Anyway, it’s a thought provoking paper, and worth a look.

3 Replies to “Is Quantified Security a Weak Hypothesis?”

  1. I’m so glad you posted this, Adam. I found the paper recently and thought it was a really good meta-analysis of the research that has been done to date on security quantification.

    What the author has done, that I’ve never seen anywhere else, is to systematically collect and analyze the most prominant published academic research papers. He defines a taxonomy to compare and contrast the papers, which is a great contribution in itself. He also identifies common assumptions and critiques them.

    Yes, the author is focusing on research that attempts to quantify security in the large, rather than the more specific and narrow things you mention above. So he is not saying that quantification is not justified by research for all aspects of security — only for the aggregate concept of security.

    As someone who has been on a quest for such aggregate security metrics (framed as risk), I share the author’s conclusions about extant research.

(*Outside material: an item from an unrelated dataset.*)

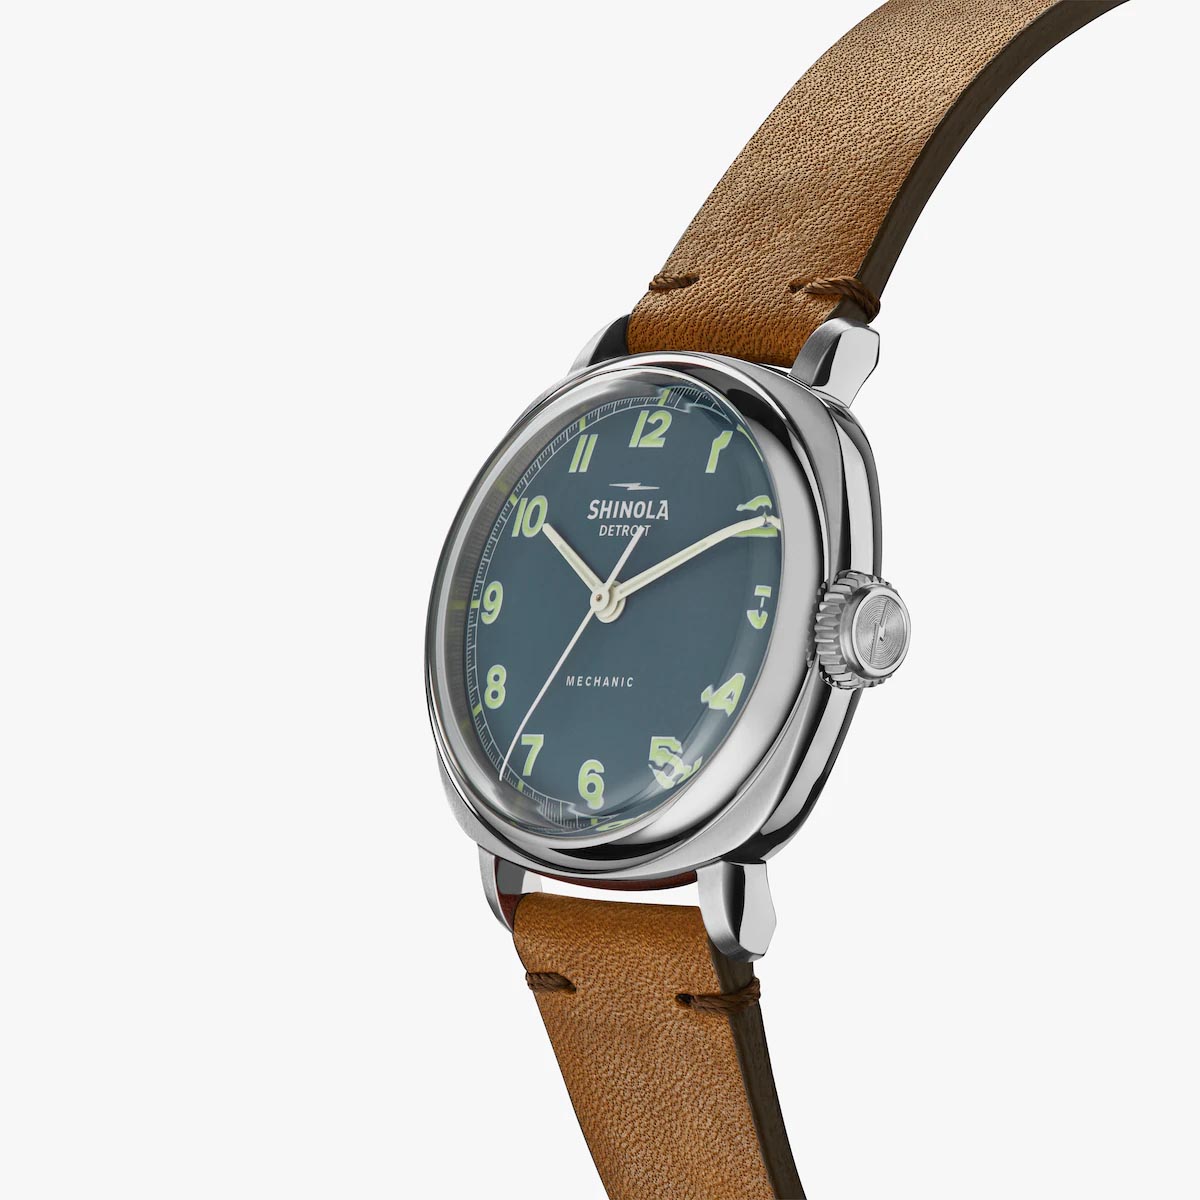 Shinola Mechanic Mens Watch with Blue Dial and Brown Leather Strap (manual movement)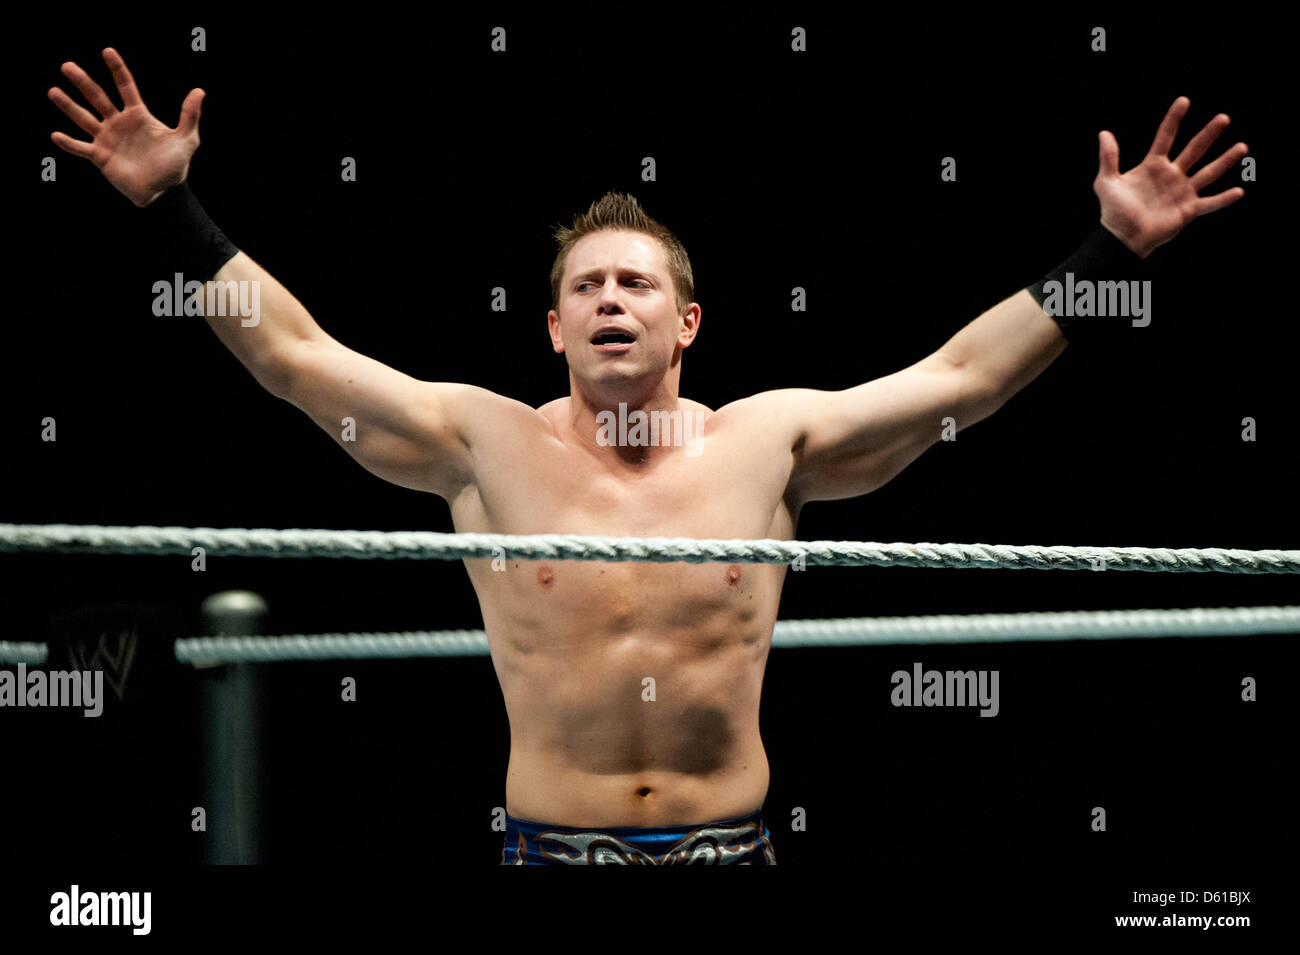 US-wrestler The Miz shouts and gestures prior to a fight at the RAW WrestleMania Revenge Tour at the o2 World canue in Berlin, Germany, 14 April 2012. The WWE (World Wrestling Entertainment) celebrates its 20th German anniversary this April. The first show in Germany was staged in Kiel, Germany, in April 1992. Photo: Sebastian Kahnert Stock Photo

I take all of his critiques as being very constructive because he points to ways that research can be done better or different.

    Furthermore, he’s careful to say that his meta-analysis does not prove or even support the hypothesis that the quantification of security is hopeless or impossible — only that it hasn’t been accomplished so far:

    “It should also be apparent that in this paper, we are clearly not attempting to reject modeling or quantification as a fundamentally good idea. However, the effort of the survey allows one to observe limitations in much of the work on quantification so far.”

    It may turn out that someone will prove the impossibility, or infeasability of such an effort. So be it. The research community needs this sort of critical analysis to point us in the right directions.

  2. So glad to see you bring up this paper. I was at NSPW and it was one of my favorites. A great piece of work. Vilhelm does an extremely comprehensive job. And it’s just staggering when you see all the work that’s been done and the fact that we still can’t draw a solid conclusion one way or the other. That’s a slim return on effort. And worse, unless something changes, if Vilhelm repeated the exercise in 2019, there’d be many more papers to survey, but the lack of any firm conclusion looks like a pretty safe prediction.

    There’s a nice paper on Strong Inference from Science in 1964.
    They look at why some branches of Science advance much faster than others. And what Vilhelm targets is really at the heart of it. When people constantly ask
    1. What experiment would falsify this hypothesis? or
    2. What hypothesis does this experiment falsify?
    things move rapidly.
    If we can’t construct an experiment to falsify Quantfied Security, then it’ll just meander forever.

    How many other areas in security share this failure? Training ourselves to constantly ask those two questions might be a good exercise.

    Link to the Science article:
    http://pages.cs.wisc.edu/~markhill/science64_strong_inference.pdf

    1. @Cormac Thanks! This is a great paper. I’m going to start using the methods suggested immediately, and do what I can to influence others to use “strong inference”.

      I’ve asked a lot of researchers (academic and industry) why they do research the way they do, leading to “weak hypothesis”.

      First, they all acknowledge that their research isn’t as strong as it could be.

      But they say, “I had to pick a method that was already accepted in my research community”, or “I had to simplify the model so it is analytically tractable”, or “I leave it to someone else to develop empirical tests”, or “It’s a waste of our time (industry) to test academic theories”, and so on.

      Another strong force is the need to attack a narrow problem in order to get results. And anyone who does research on the Big Problems usually does so in a way that is disconnected from empirical reality, not just abstracted. (My fav example is the Gordon-Loeb model of optimal enterprise spending on security.)

      Another factor is research funding. We just don’t have enough funding support for the right interdisciplinary teams. I don’t think we need billions, but something more than the few million that is currently spent worldwide. Otherwise, you don’t get a critical mass of researchers who see it in their professional interest to do the “strong inference” work.

      Lastly, there is lack of role models. Once a few brave, smart scientists do “strong inference” work, they can set a standard and example for others to follow.